Which of the following represents a SHM?

To determine which of the given options represents simple harmonic motion (SHM), we need to check if the equations satisfy the condition of SHM, which is given by: \[ \frac{d^2x}{dt^2} = -\omega^2 x \] This means that the acceleration of the system is proportional to the displacement and directed towards the mean position.
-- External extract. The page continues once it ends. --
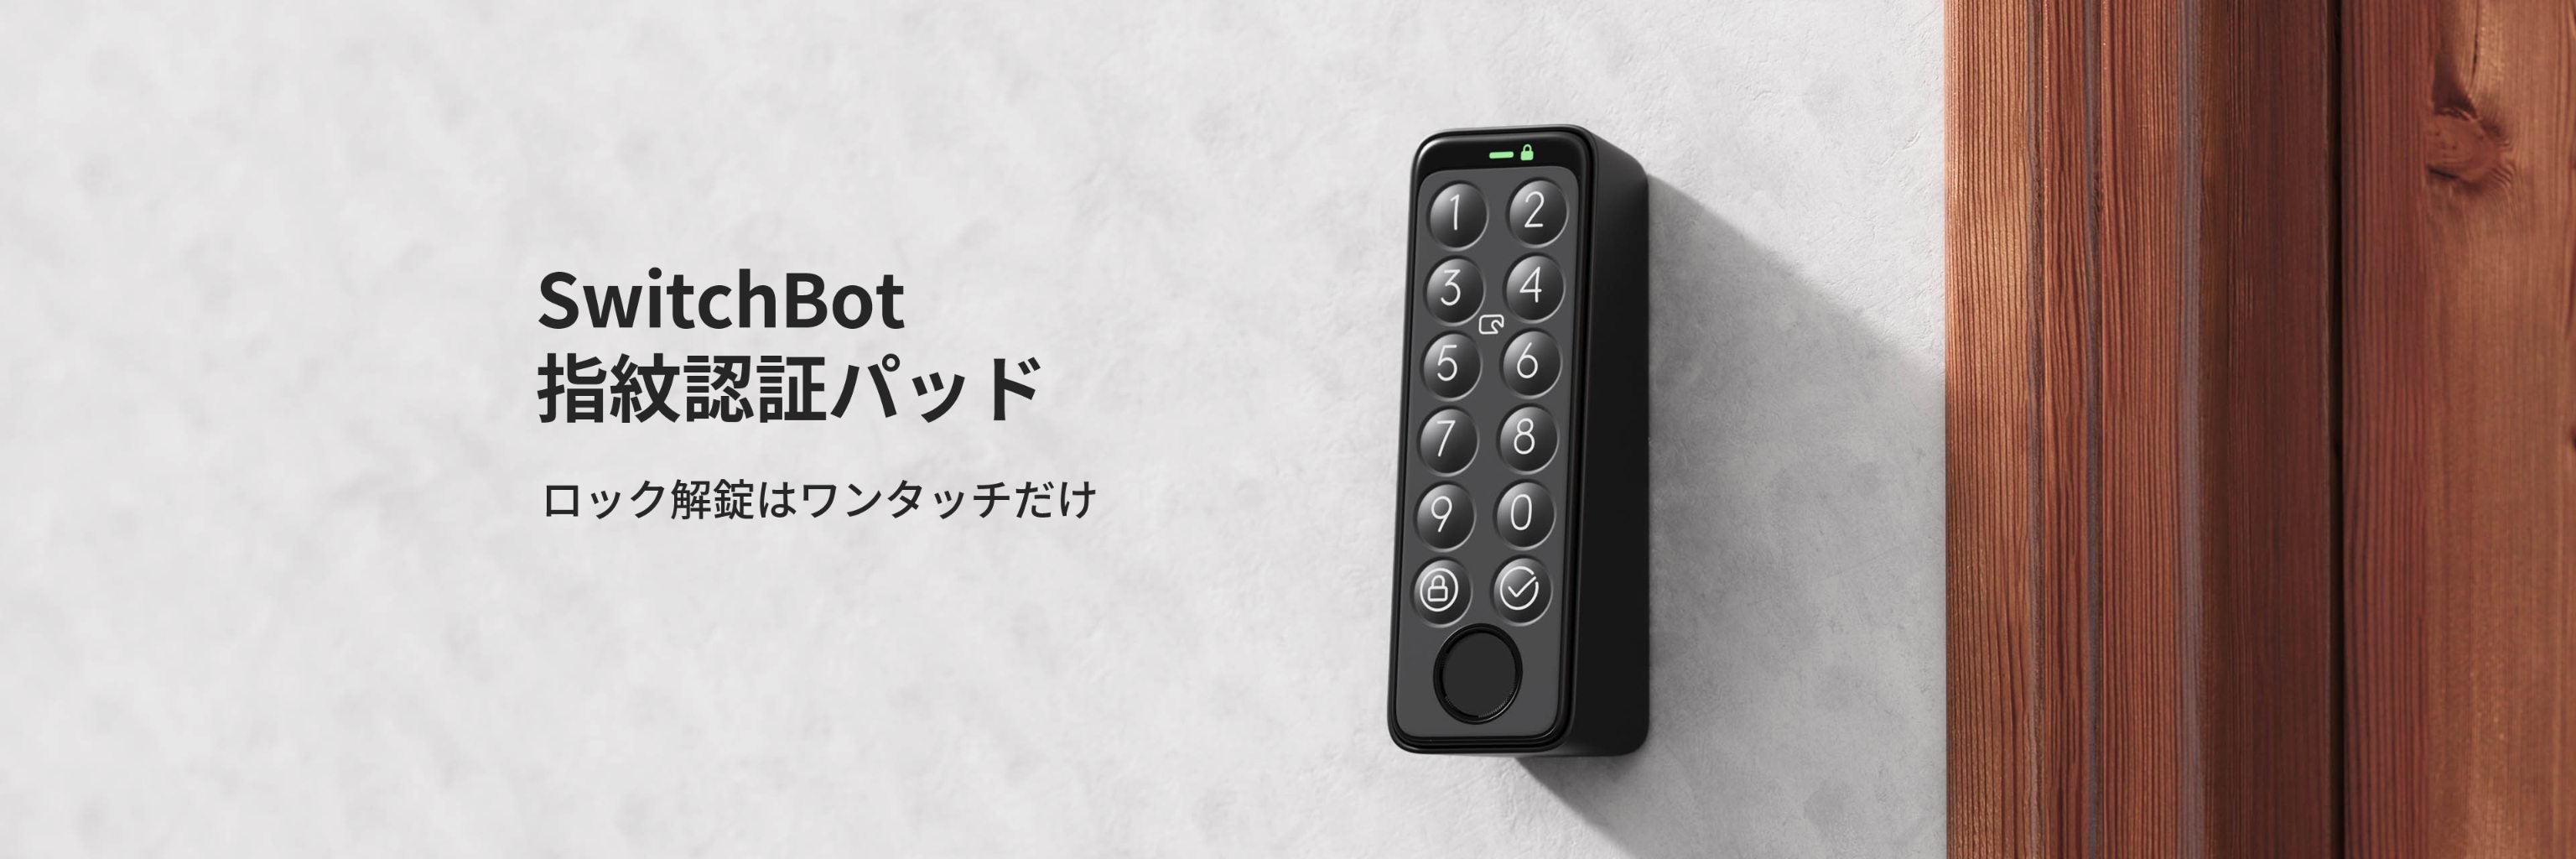 送料無料/新品】 SwitchBot スマートロック 指紋認証パッド セット
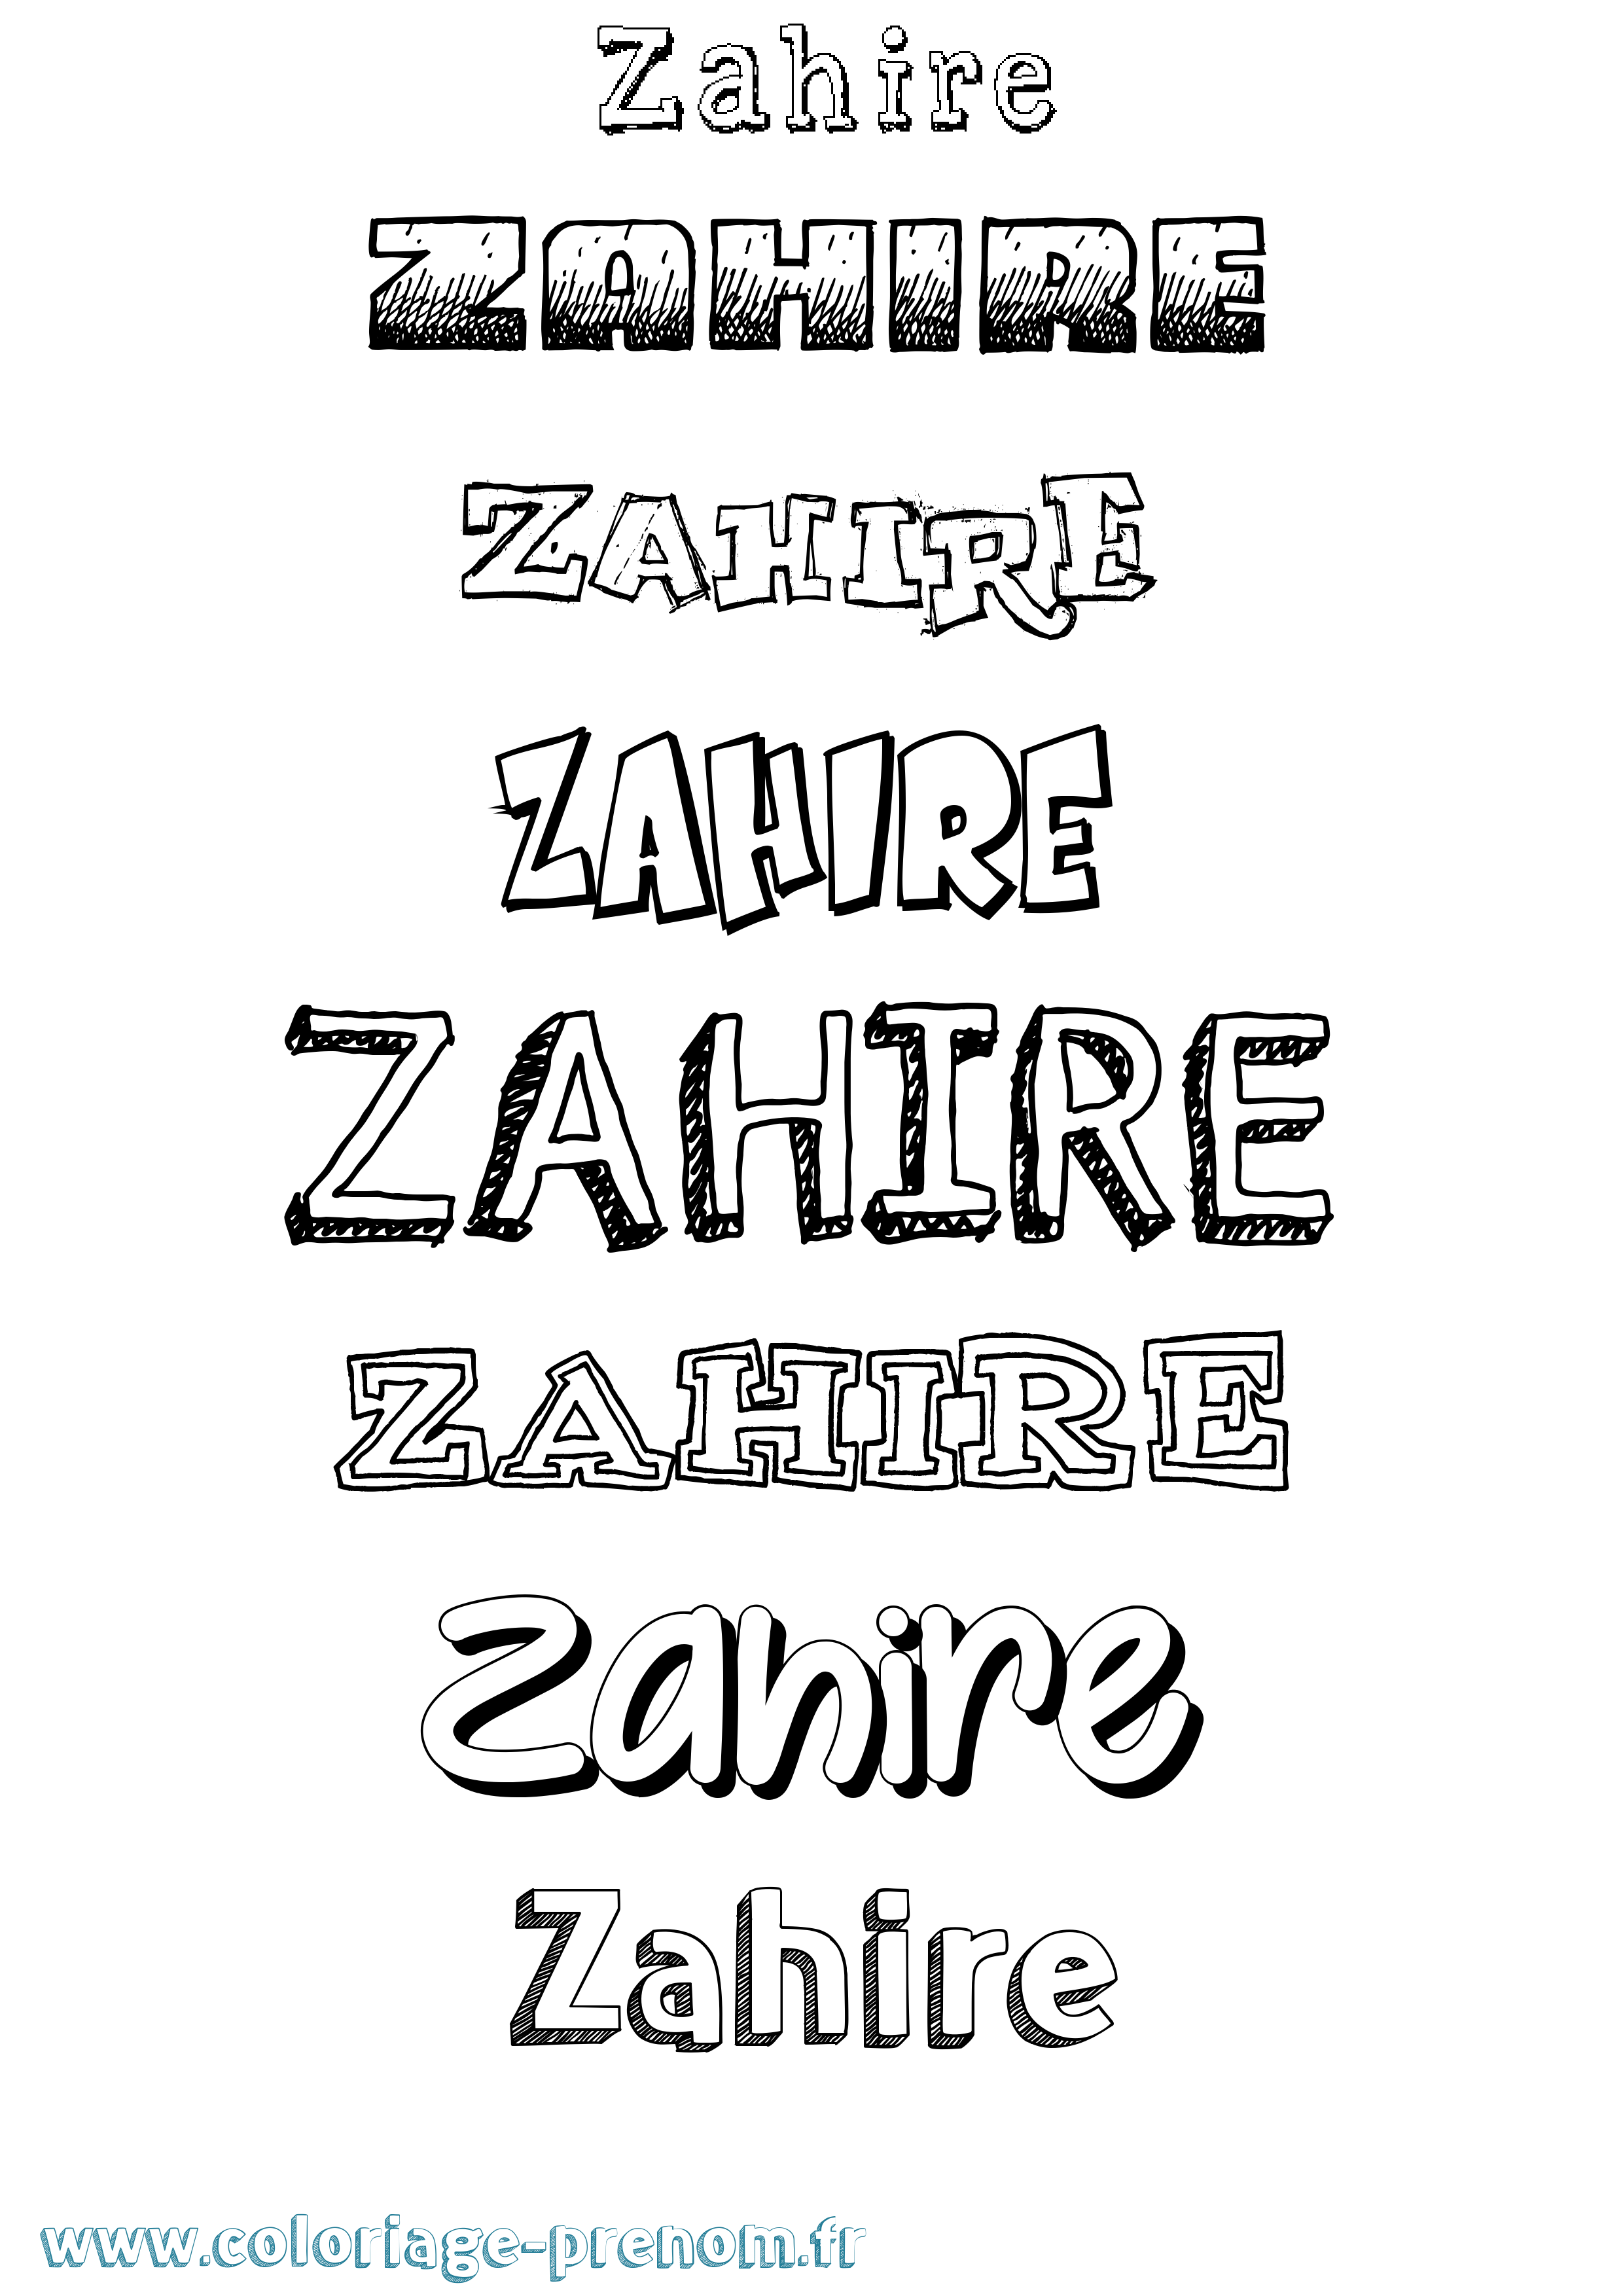 Coloriage prénom Zahire Dessiné

Let's analyze each option step by step. ### Step 1: Analyze Option A Given: \[ x(t) = \sin(\omega t) + \cos(\omega t) \] 1. **First Derivative (Velocity)**: \[ \frac{dx}{dt} = \omega \cos(\omega t) - \omega \sin(\omega t) \] 2. **Second Derivative (Acceleration)**: \[ \frac{d^2x}{dt^2} = -\omega^2 \sin(\omega t) - \omega^2 \cos(\omega t) = -\omega^2 (\sin(\omega t) + \cos(\omega t)) \] 3. **Check if it satisfies SHM**: \[ \frac{d^2x}{dt^2} = -\omega^2 x \] Thus, Option A represents SHM. ### Step 2: Analyze Option B Given: \[ x(t) = \sin(\omega t) - \cos(\omega t) \] 1. **First Derivative (Velocity)**: \[ \frac{dx}{dt} = \omega \cos(\omega t) + \omega \sin(\omega t) \] 2. **Second Derivative (Acceleration)**: \[ \frac{d^2x}{dt^2} = -\omega^2 \sin(\omega t) + \omega^2 \cos(\omega t) = -\omega^2 (\sin(\omega t) - \cos(\omega t)) \] 3. **Check if it satisfies SHM**: \[ \frac{d^2x}{dt^2} = -\omega^2 x \] Thus, Option B also represents SHM. ### Step 3: Analyze Option C Given: \[ x(t) = \sin(\omega t) + 2\cos(\omega t) \] 1. **First Derivative (Velocity)**: \[ \frac{dx}{dt} = \omega \cos(\omega t) - 2\omega \sin(\omega t) \] 2. **Second Derivative (Acceleration)**: \[ \frac{d^2x}{dt^2} = -\omega^2 \sin(\omega t) - 2\omega^2 \cos(\omega t) = -\omega^2 (\sin(\omega t) + 2\cos(\omega t)) \] 3. **Check if it satisfies SHM**: \[ \frac{d^2x}{dt^2} = -\omega^2 x \] Thus, Option C also represents SHM. ### Conclusion Since all three options A, B, and C satisfy the condition for SHM, the correct answer is that all of these represent SHM.